## EXERCISE BRIEF
An exact copy of all the data is needed, with every picture left out.

## COLLECTED MATERIAL
# # # #
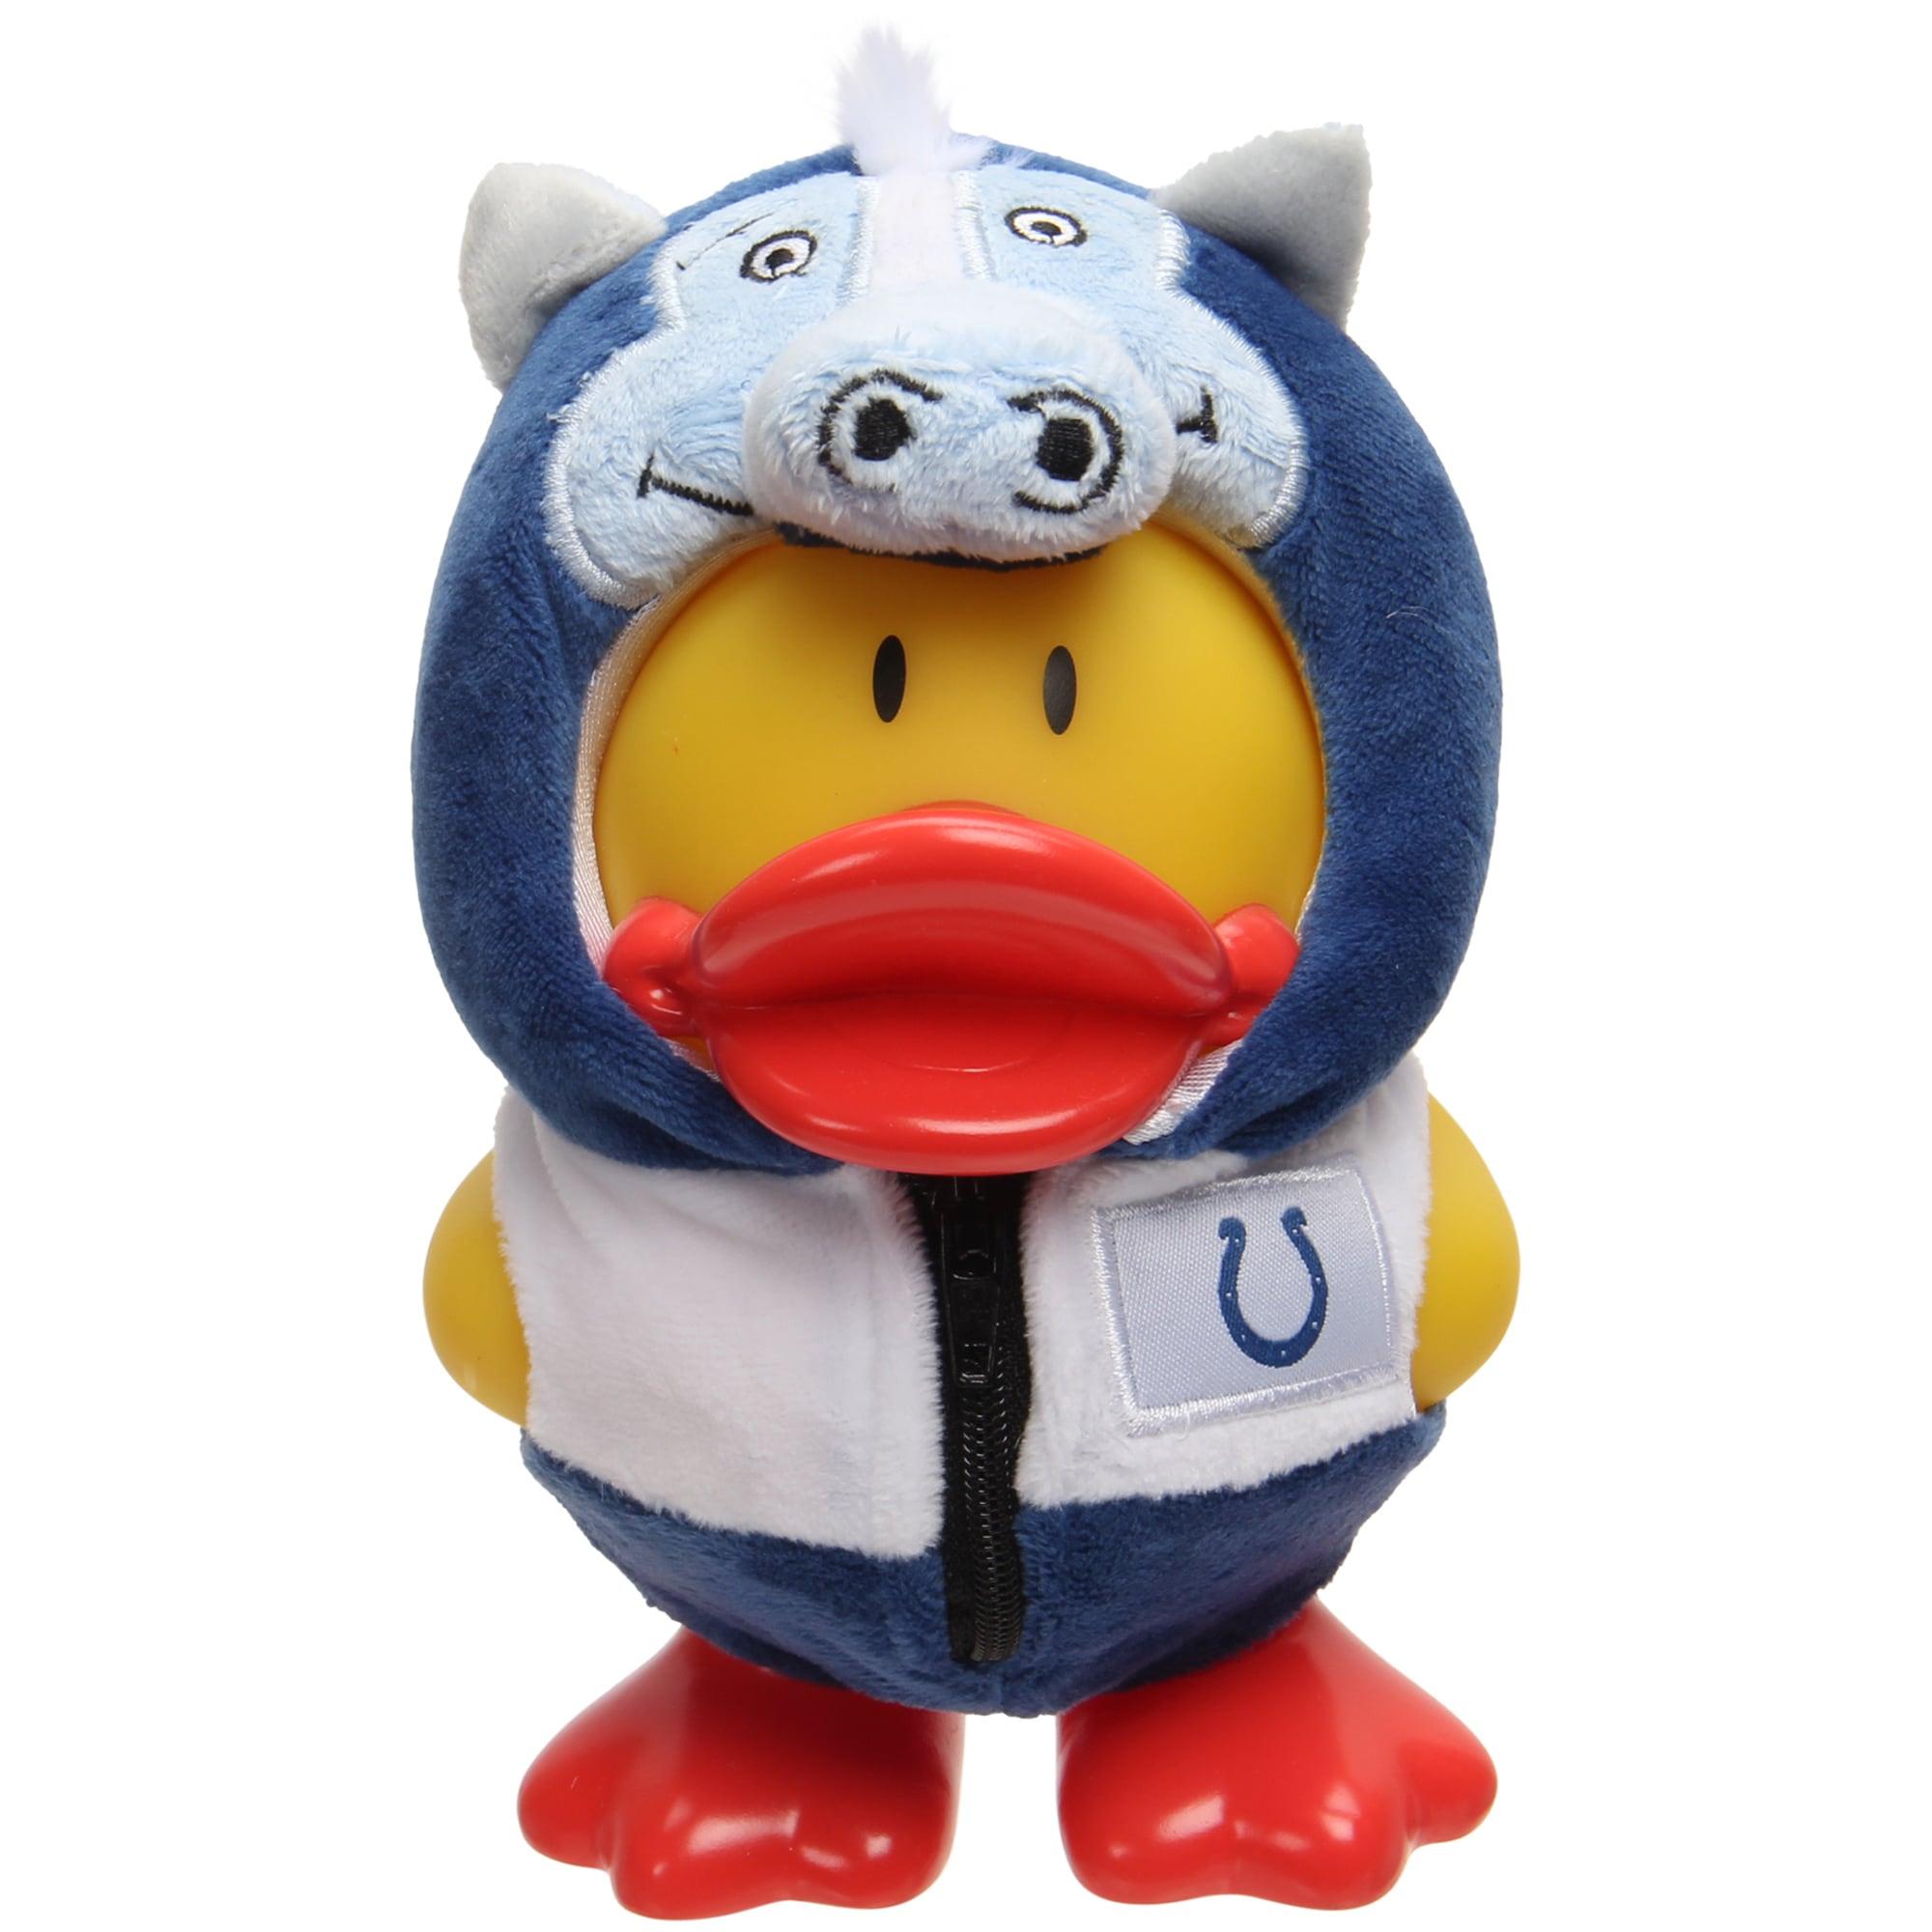 Indianapolis Colts Mascot Duck Bank
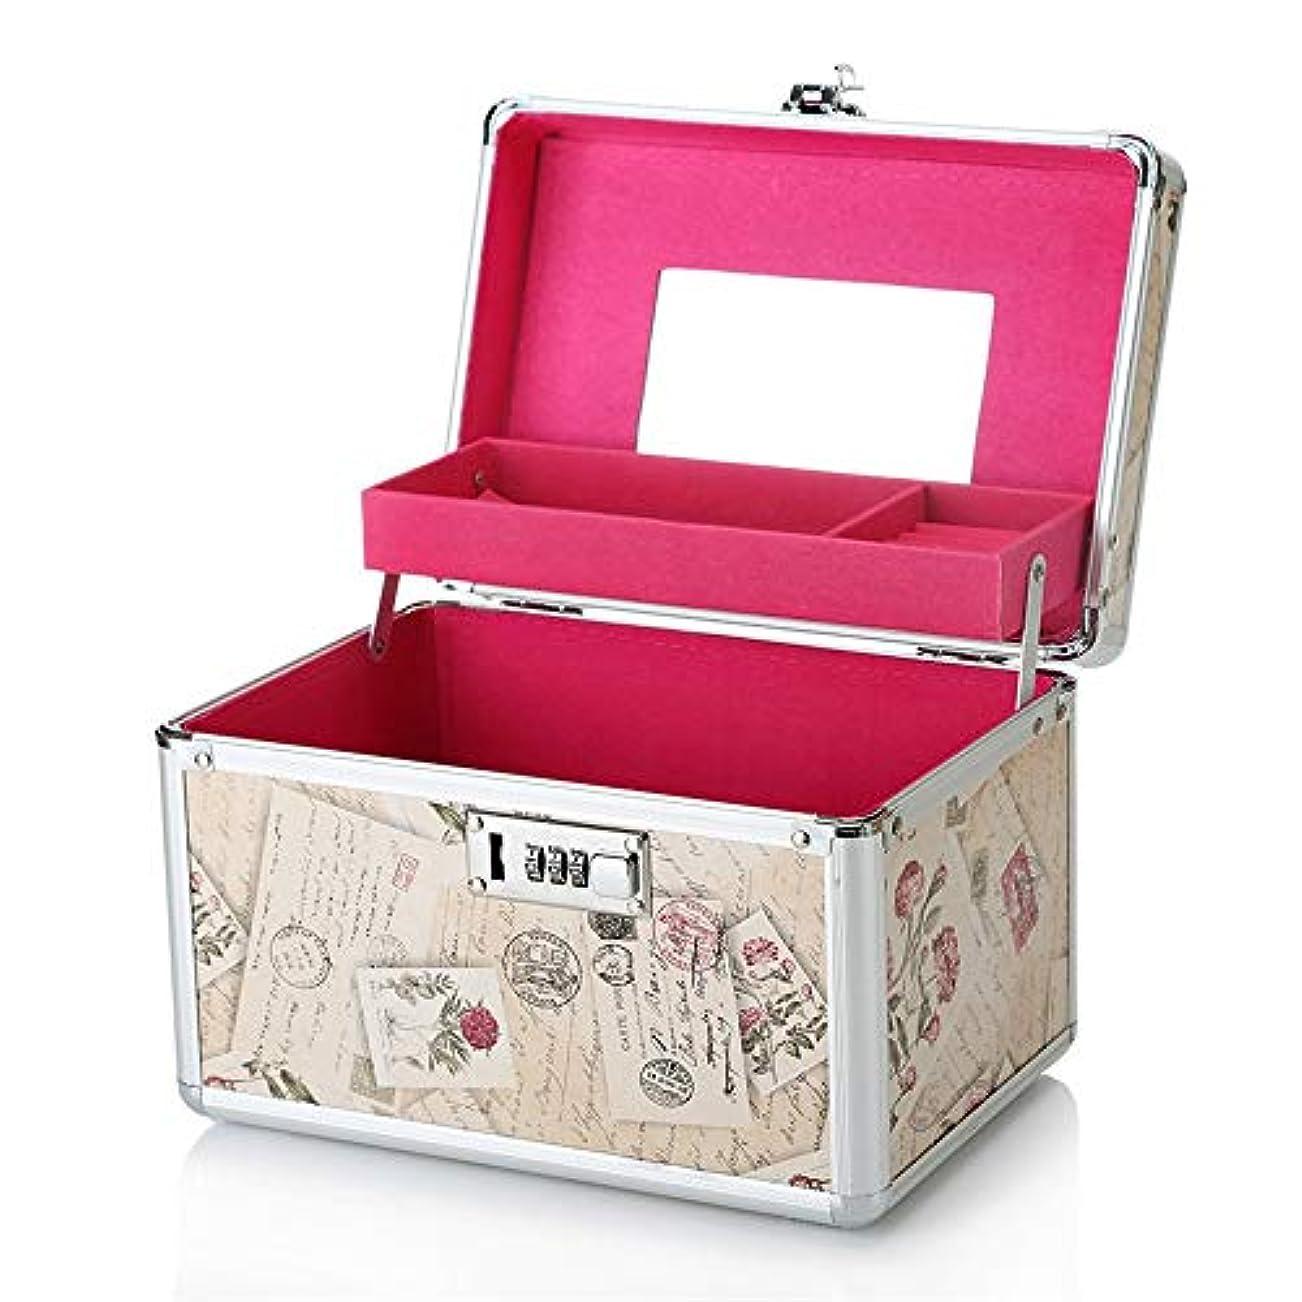 識別社会主義欲望化粧オーガナイザーバッグ 旅行のメイクアップバッグメイク化粧品バッグトイレタリー化粧ケース 化粧品ケース
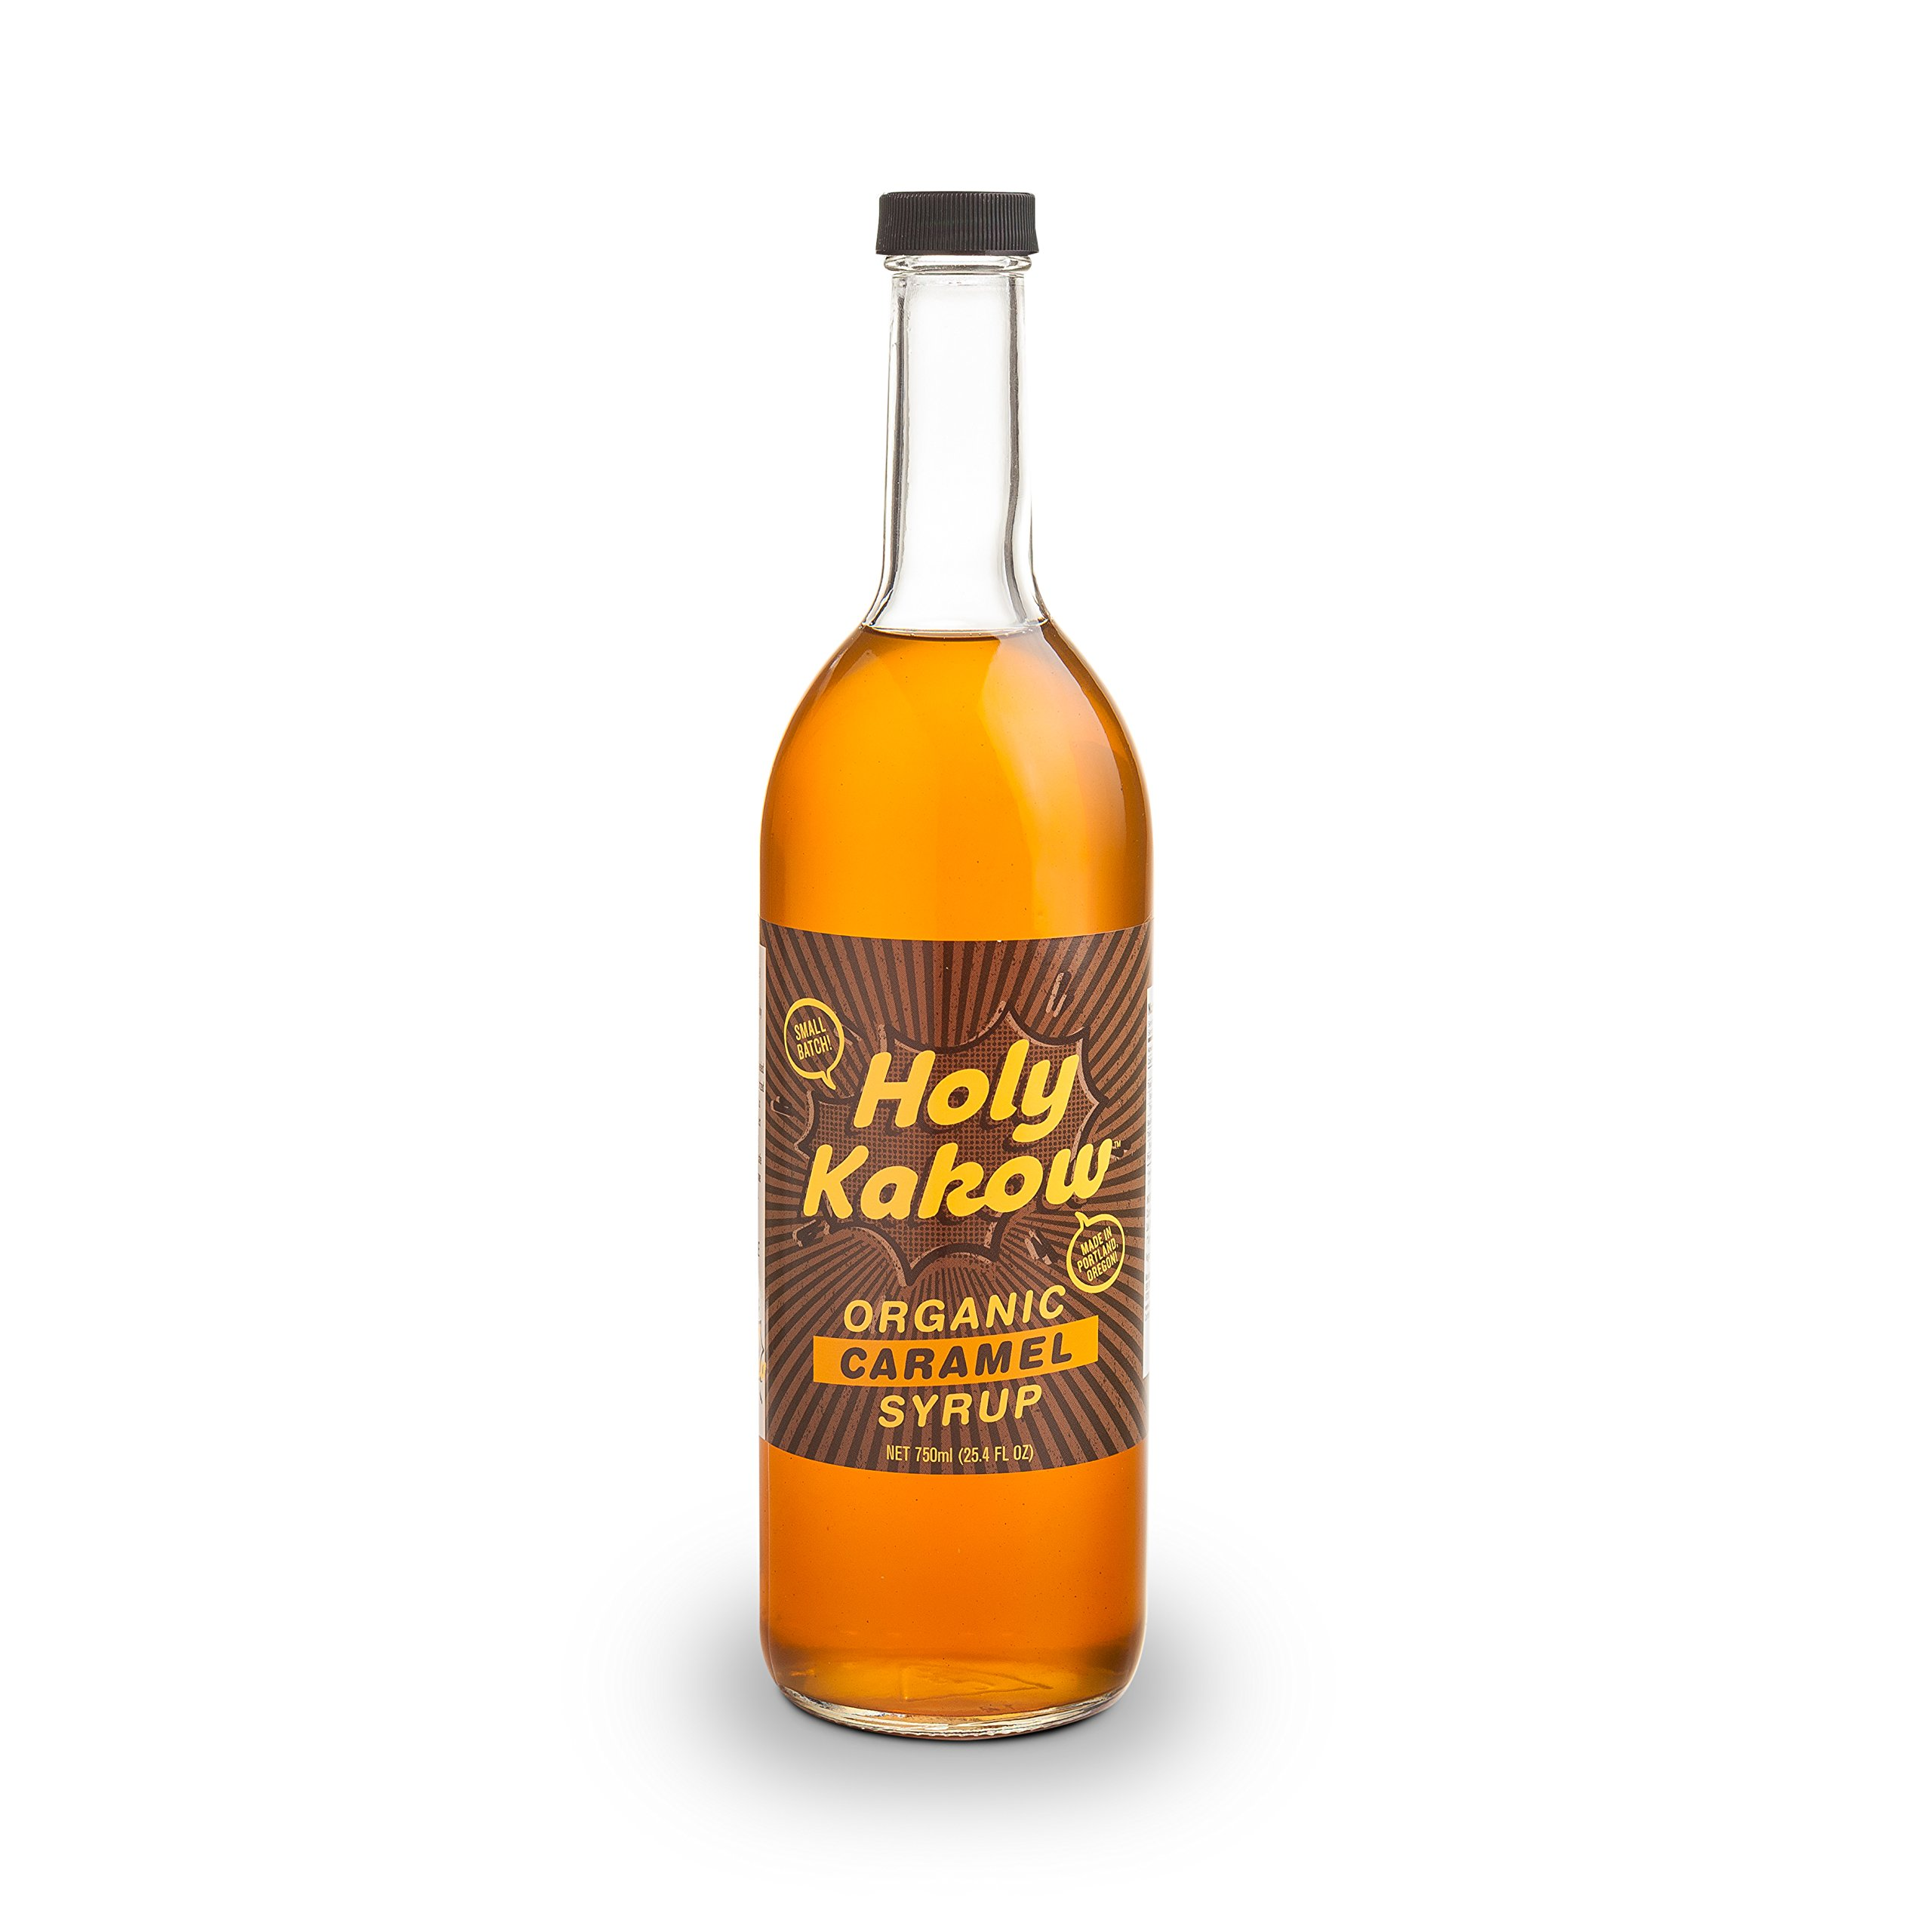 Holy Kakow Cafe Organic Caramel Syrup - 750ml
# # # #
## RESULT OF THIS TASK
 Indianapolis Colts Mascot Duck Bank
 識別社会主義欲望化粧オーガナイザーバッグ 旅行のメイクアップバッグメイク化粧品バッグトイレタリー化粧ケース 化粧品ケース
 Holy Kakow Cafe Organic Caramel Syrup - 750ml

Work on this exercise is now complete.